*Your assignment*: With the pictures omitted, transcribe each line below exactly as it is.

*Data*:
________________________________________

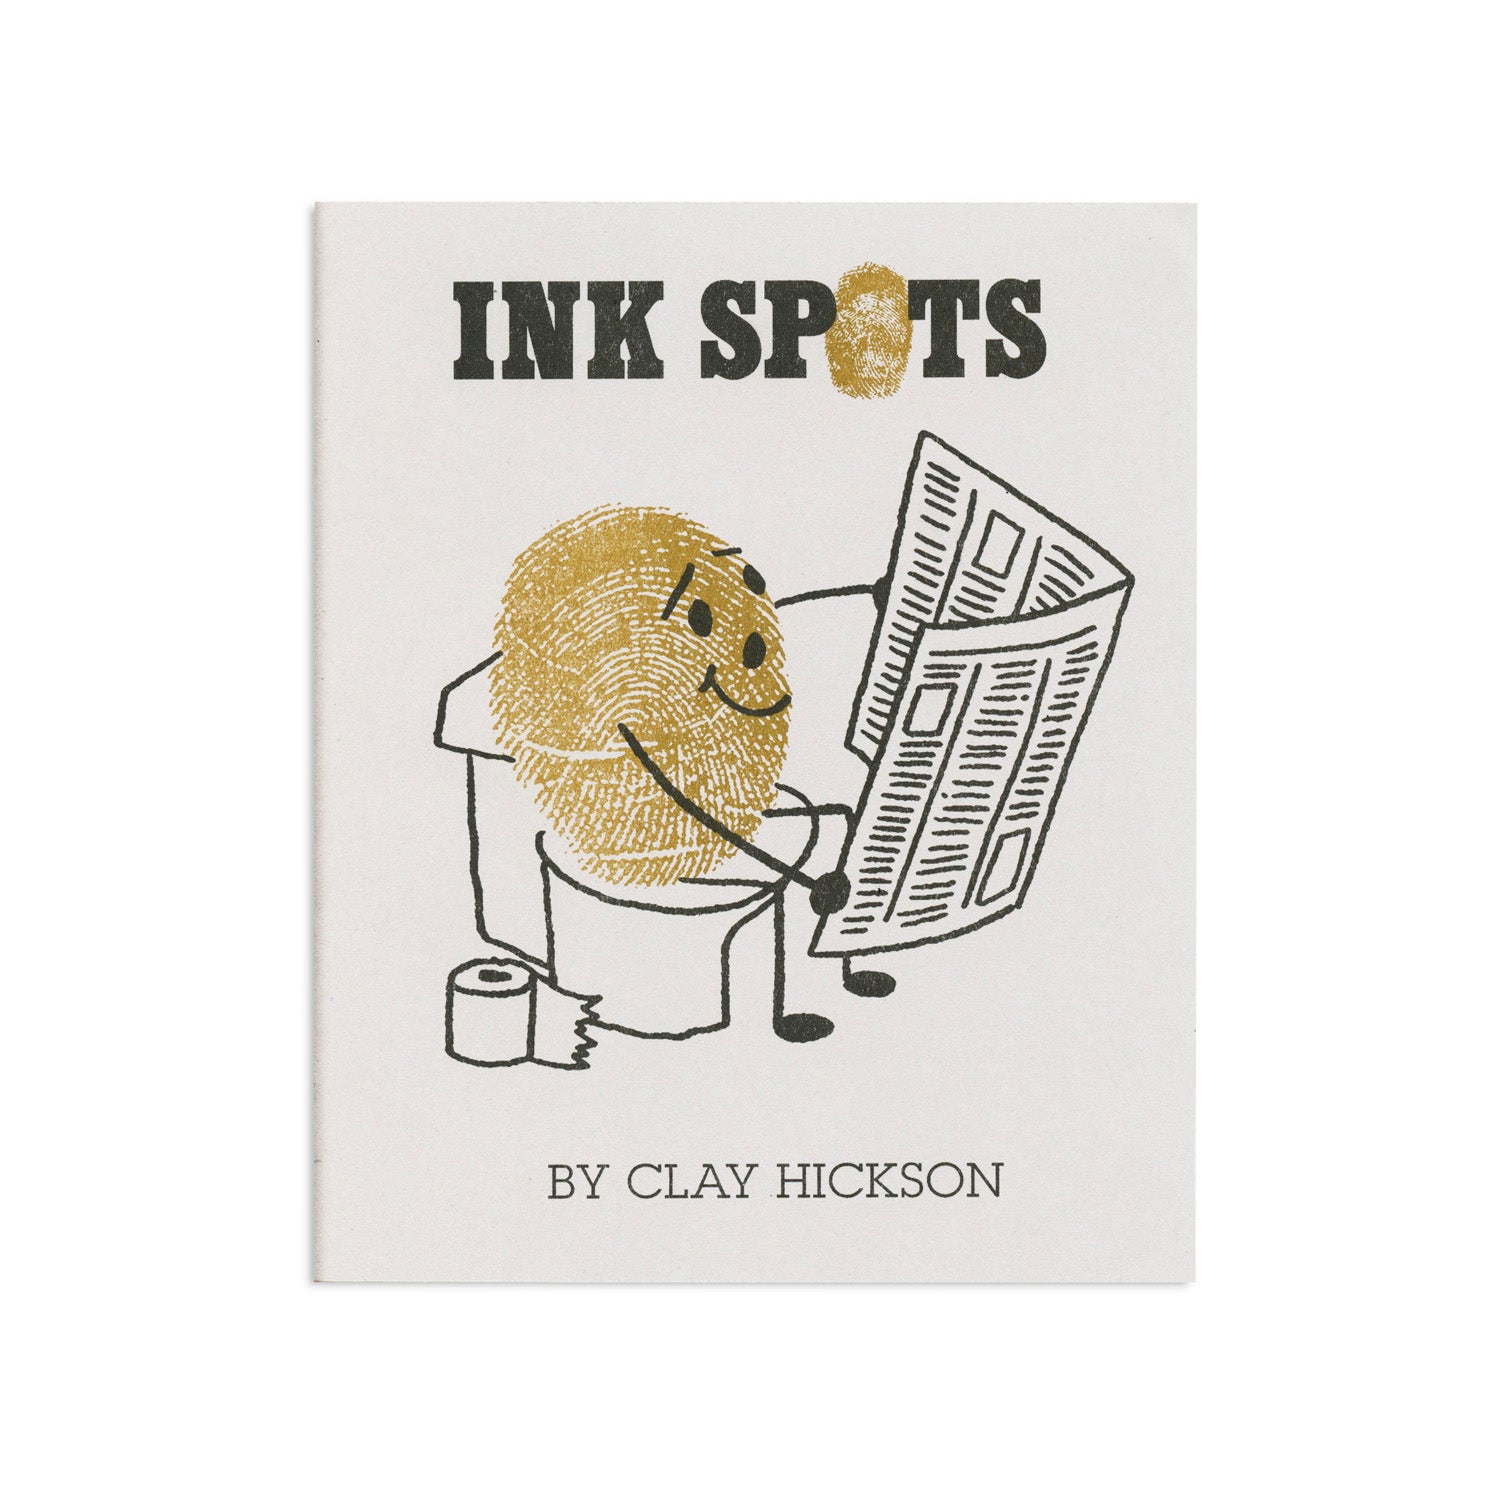 Ink Spots by Clay Hickson
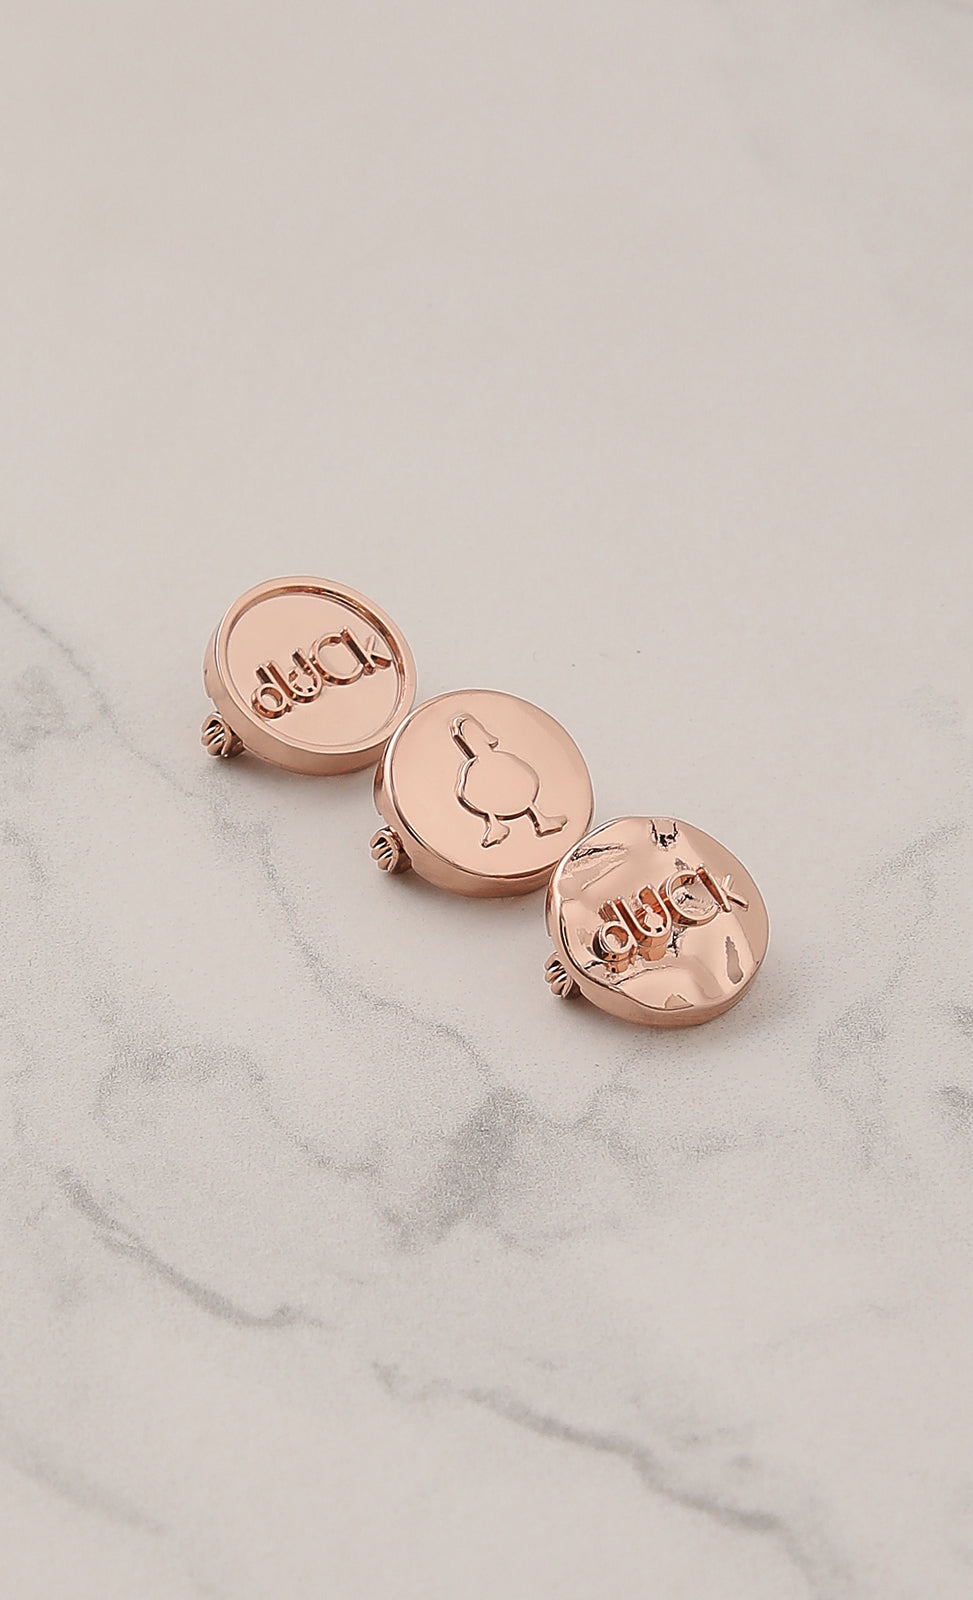 Trio dUCk Pin Set in Rose Gold
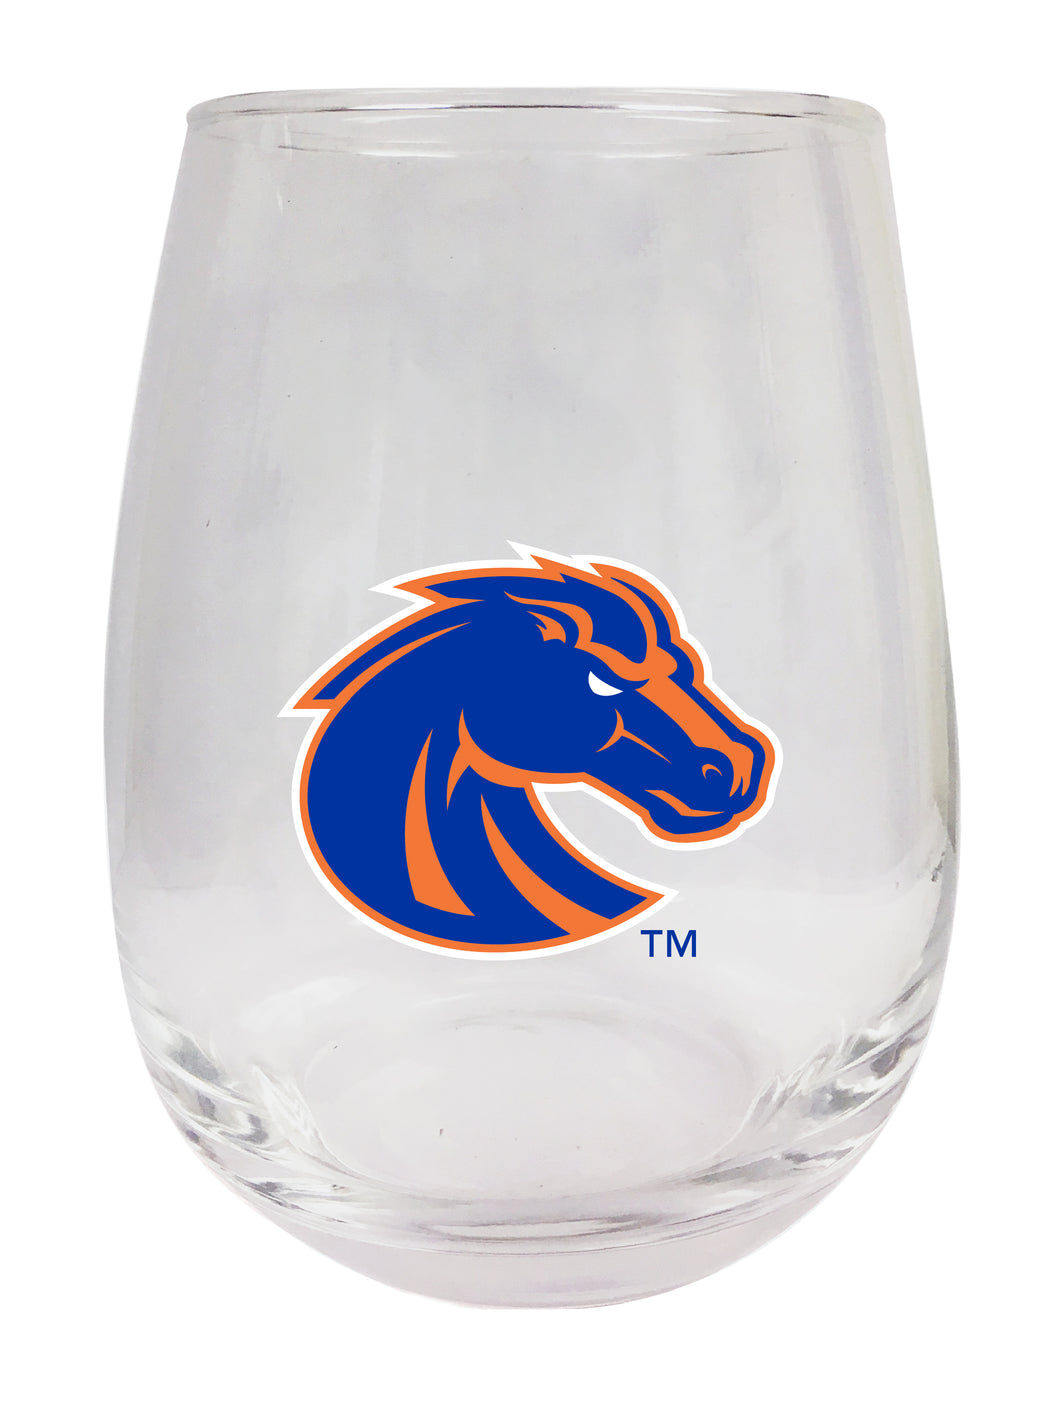 Boise State Broncos Stemless Wine Glass - 9 oz. | Officially Licensed NCAA Merchandise

________________________________________

*Answer box*:
 Ink Spots by Clay Hickson
 Trio dUCk Pin Set in Rose Gold
 Boise State Broncos Stemless Wine Glass - 9 oz. | Officially Licensed NCAA Merchandise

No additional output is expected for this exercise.